Wednesday, August 31, 2016

Pooh Pooh To The Potty Party

Well, it’s happened. My baby has grown into a toddler. I think it’s “official” when they hit the 2’s, even though the word toddle describes their first Franken-steps perfectly. The only problem is what follows, that dreaded next phase: Potty Training.

Yeah, I know, most people are thrilled to reach this milestone. The milestone that makes their child into an actual little people-ish person instead of a baby. The milestone that marks the end of buying those expensive poop holders.  An exciting milestone that marks the growth of your precious little darling.

These people are clearly imbeciles and never leave their houses.
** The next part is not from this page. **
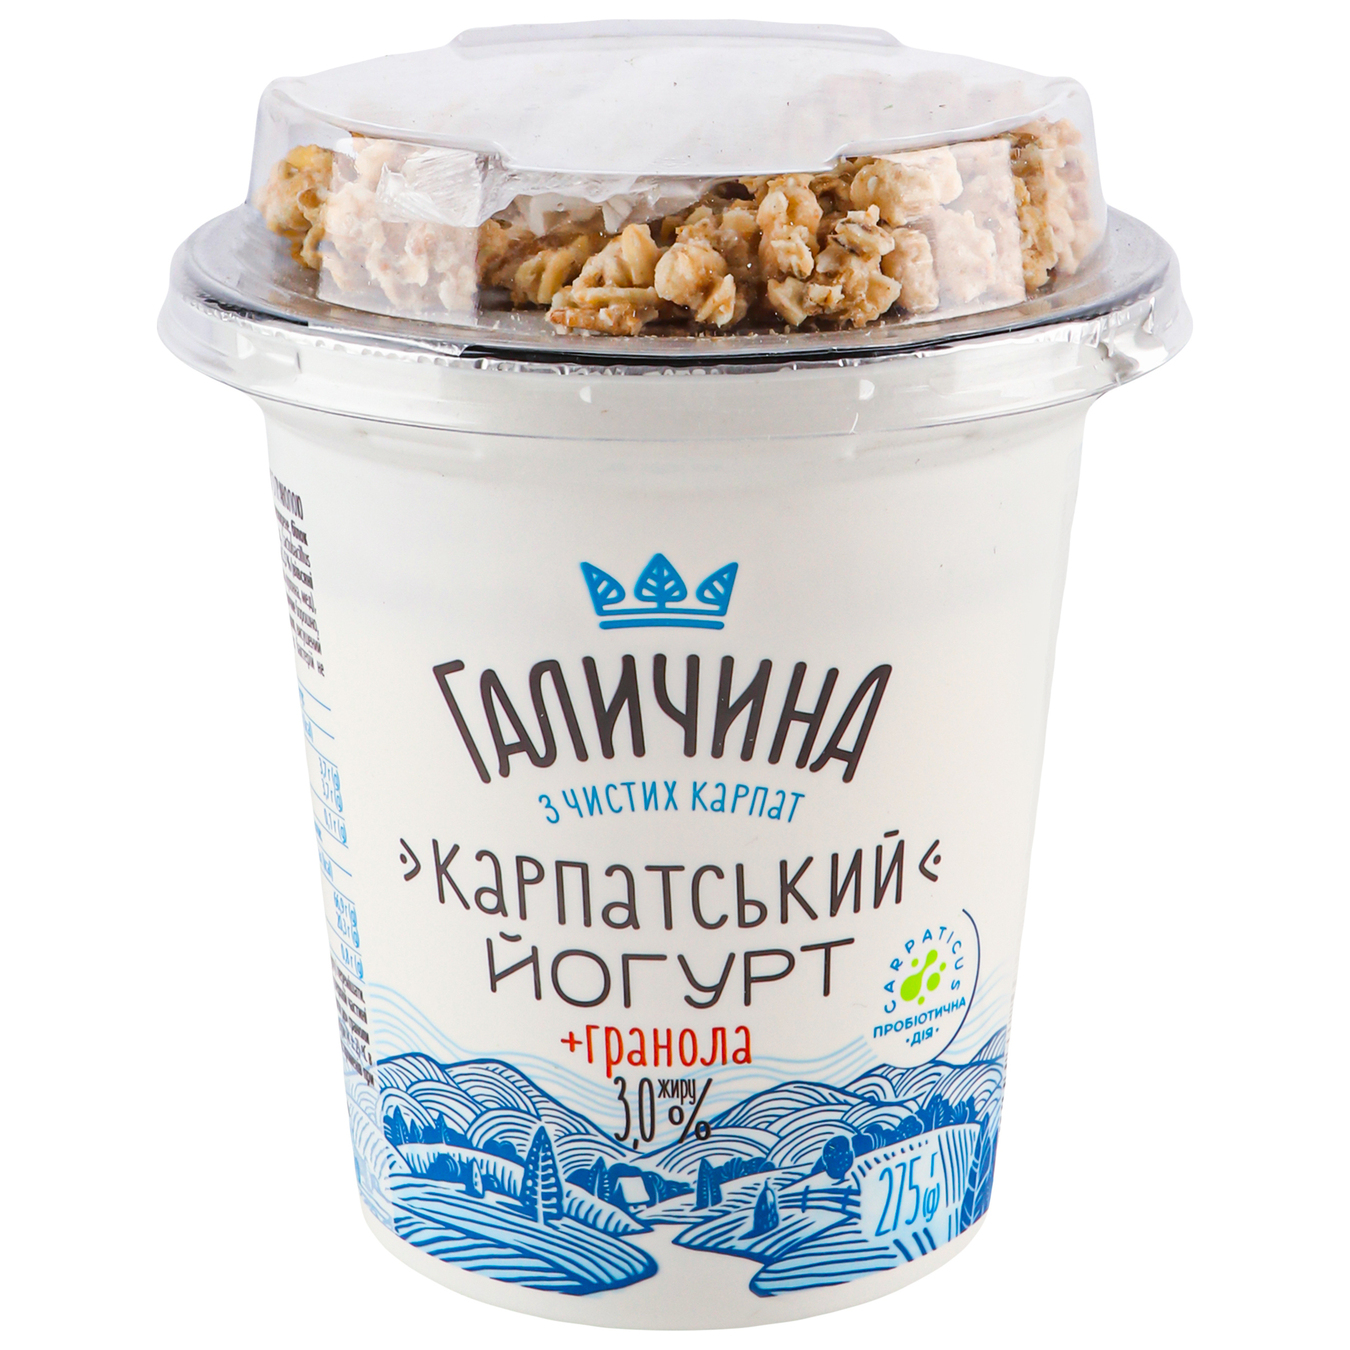 Galychyna Carpathian Sugar-Free Granola Flavored Yogurt 3% 275g 2

If these people ever DID leave their houses, they would understand my extreme reluctance to move into the toilet training stage. They would know that diapering is just so much easier and that at this stage in my life, I love easier. Easier is my best friend. I would marry easier if it didn’t mean an expensive, messy divorce from the love of my life. I will gladly pay the money for those butt covers just to know that I’m not spending extra time and money cleaning clothes that have had messes, car seats that have seen accidents and bedding that didn’t survive nap time unscathed. Heiny hiders mean I don’t have to invest in bleach by the gallon for those Clorox commercial type of moments. (And for those of you who don’t know me, yes, I DO need to have bleach-clean bathrooms. It’s not the slightest, teensiest bit optional.)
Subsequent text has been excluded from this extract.